• What the exercise asks: Output, exactly as written, the lines below starting at the line containing "Kerze Gold 7 x 7,5 x 7 cm (24 Stück)" and ending at the line containing "Ferrari_Rain2_213030.jpg". Drop the pictures and keep both end lines.

• Data section:
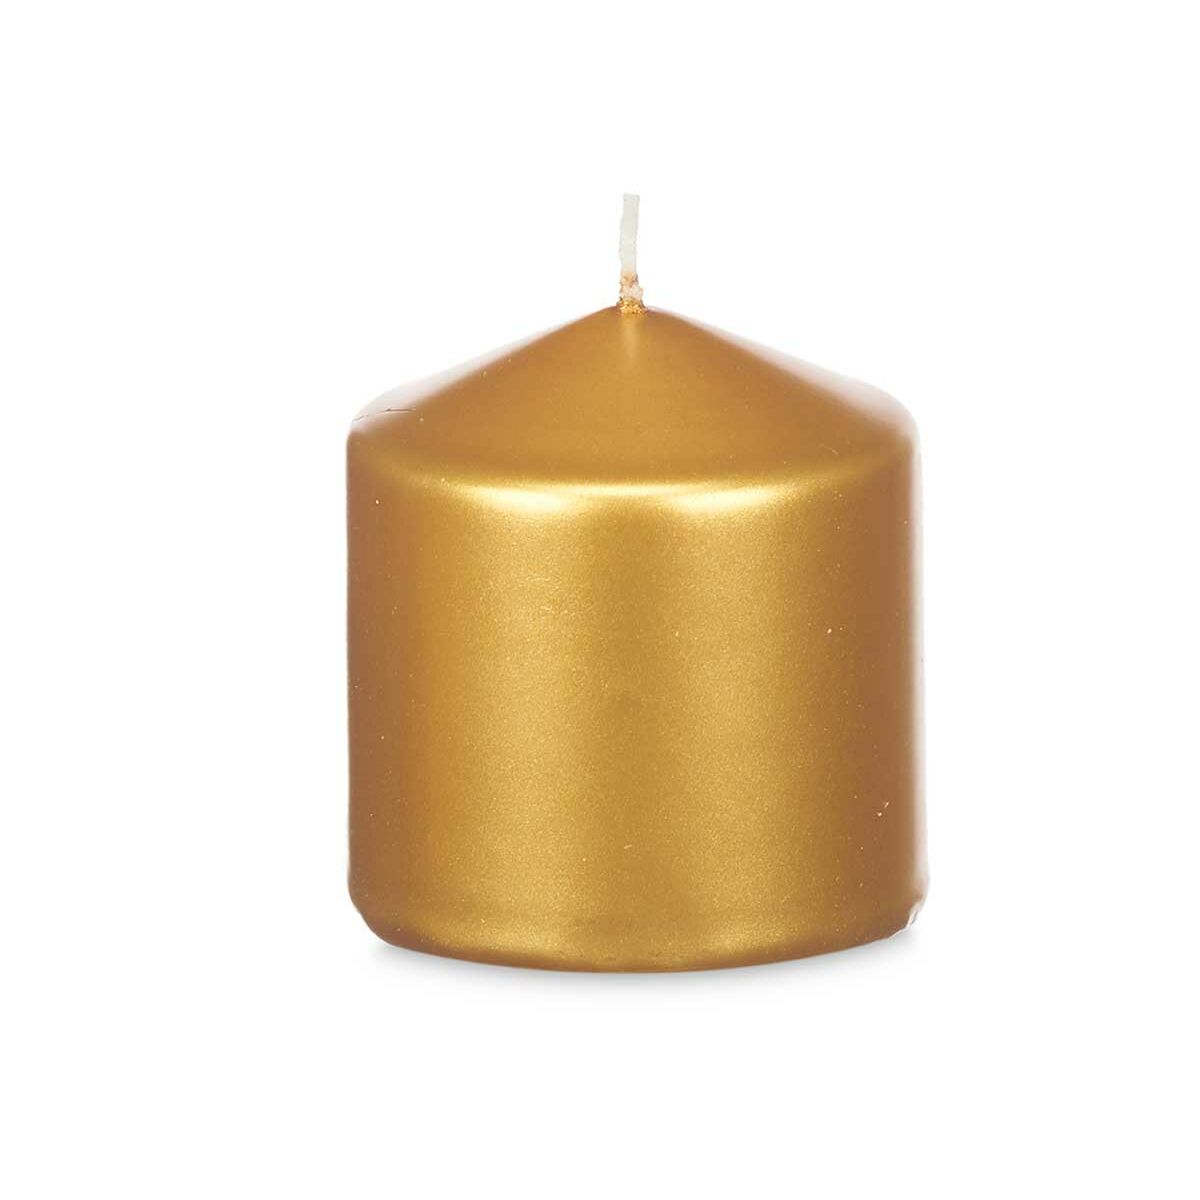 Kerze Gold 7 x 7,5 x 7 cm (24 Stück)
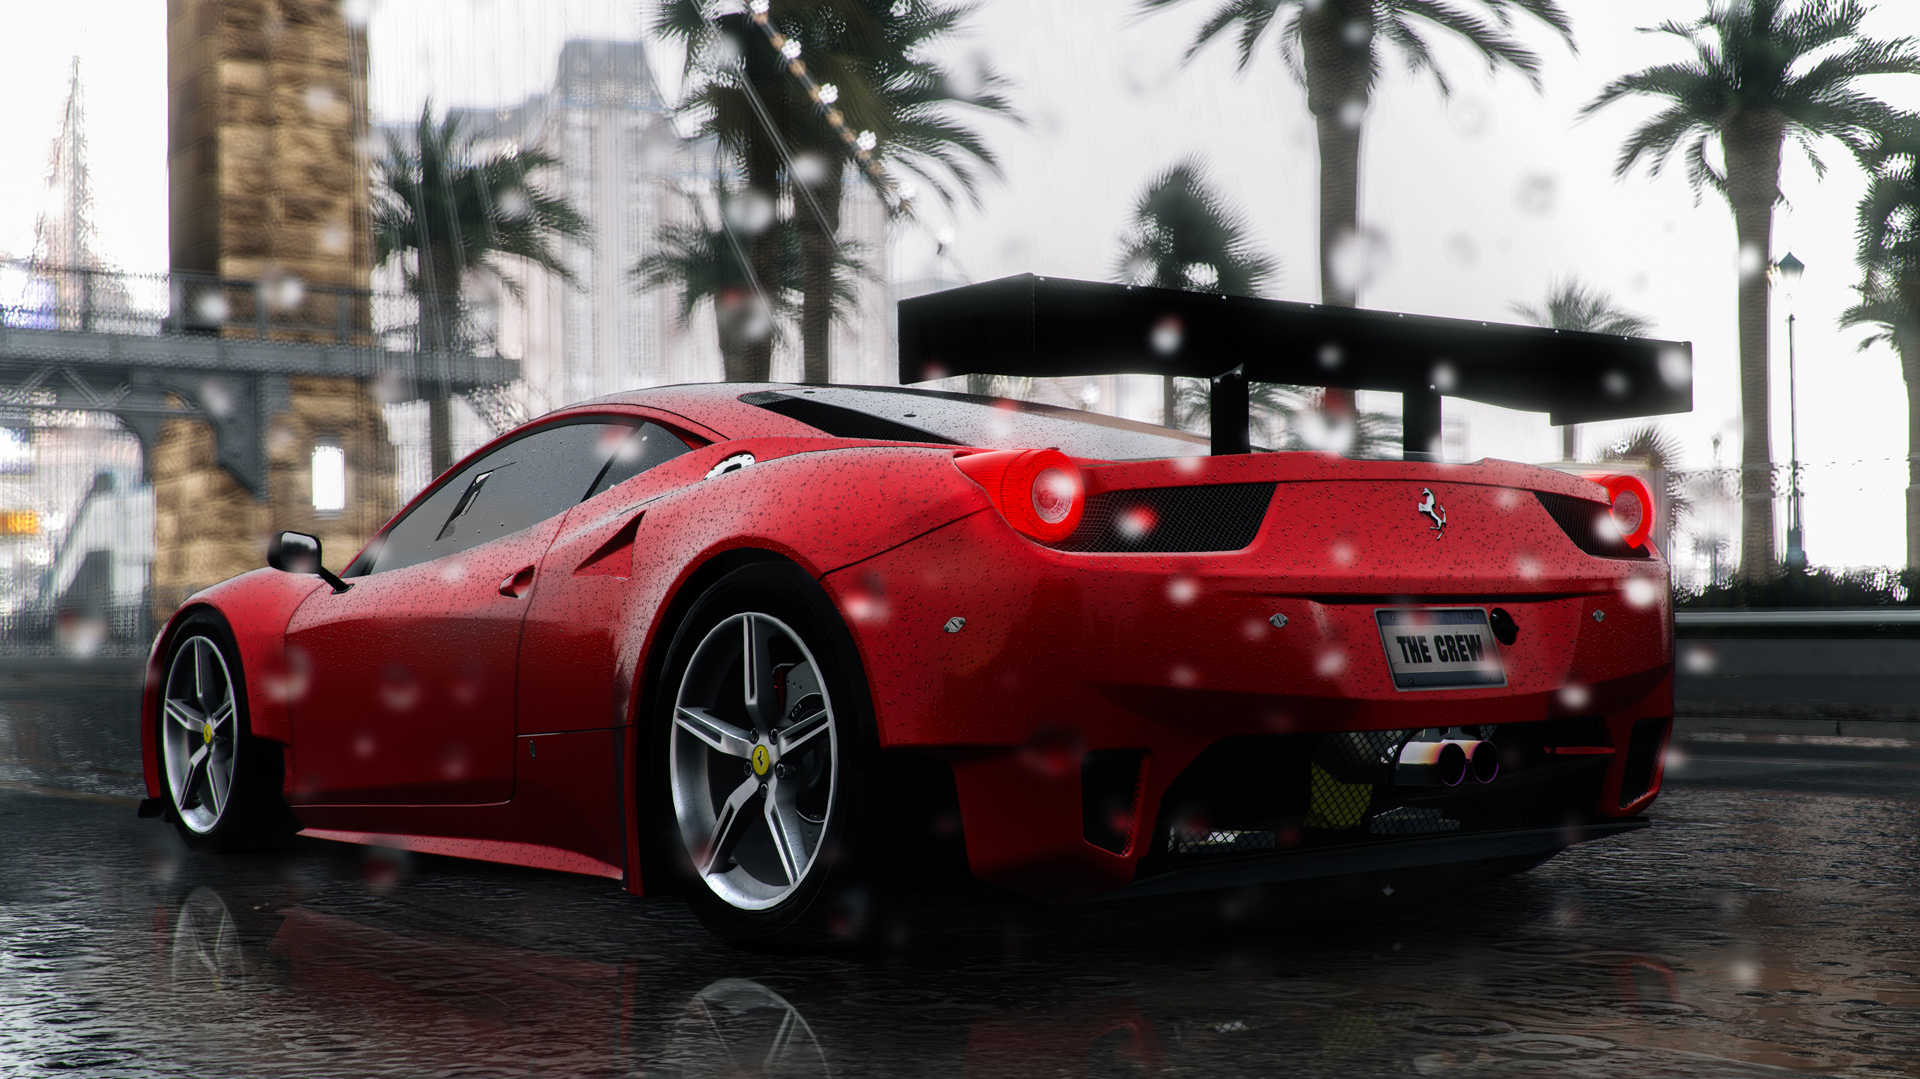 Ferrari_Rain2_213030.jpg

--

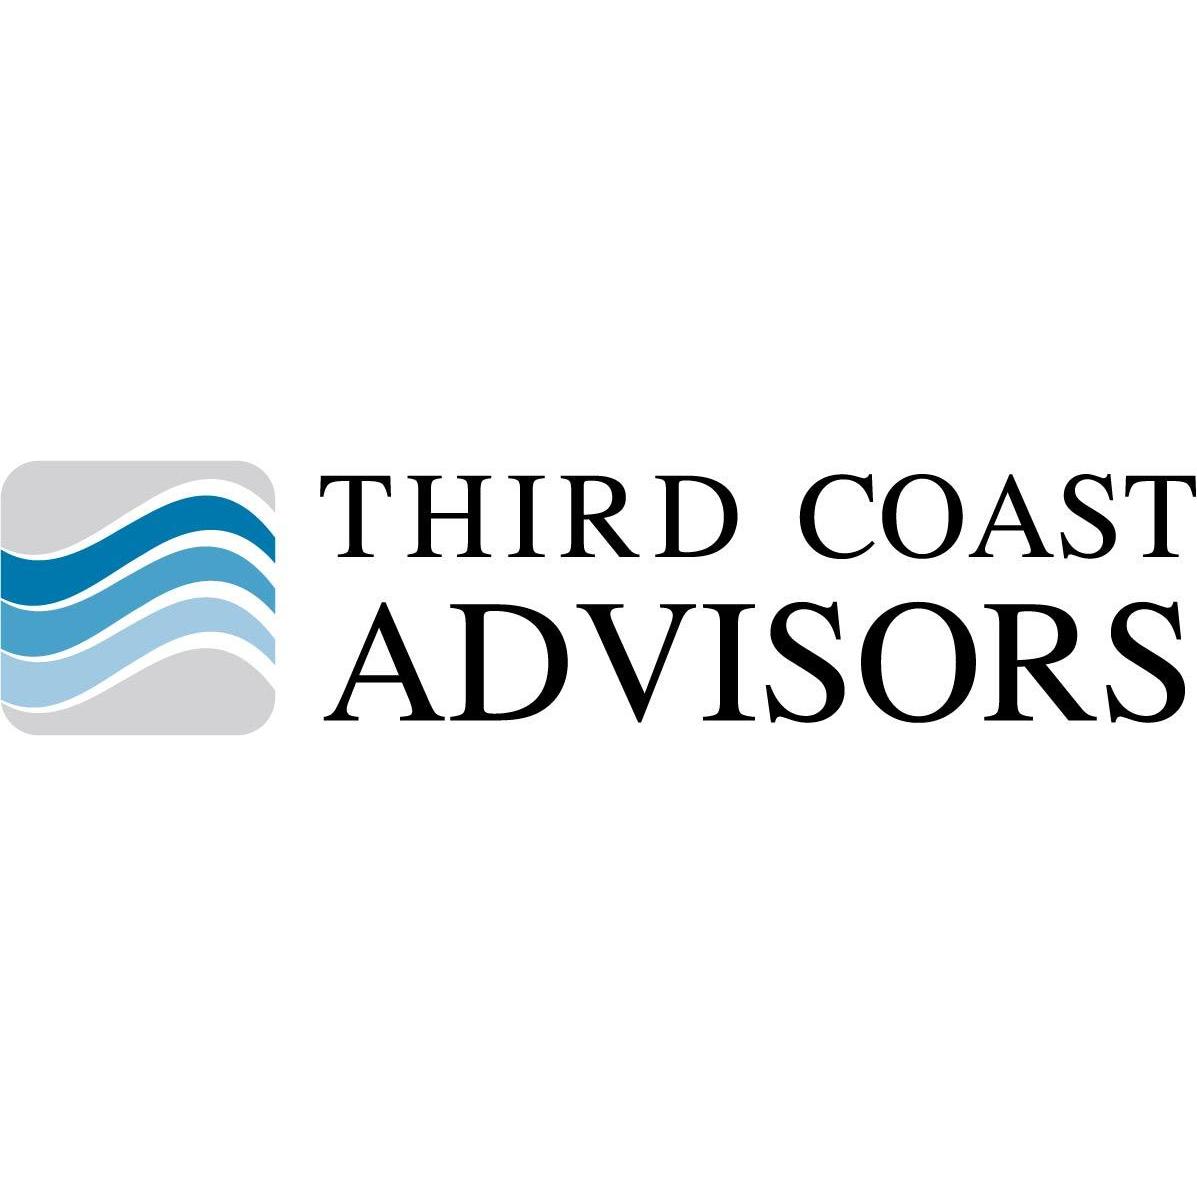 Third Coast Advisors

• Response area:
 Kerze Gold 7 x 7,5 x 7 cm (24 Stück)
 Ferrari_Rain2_213030.jpg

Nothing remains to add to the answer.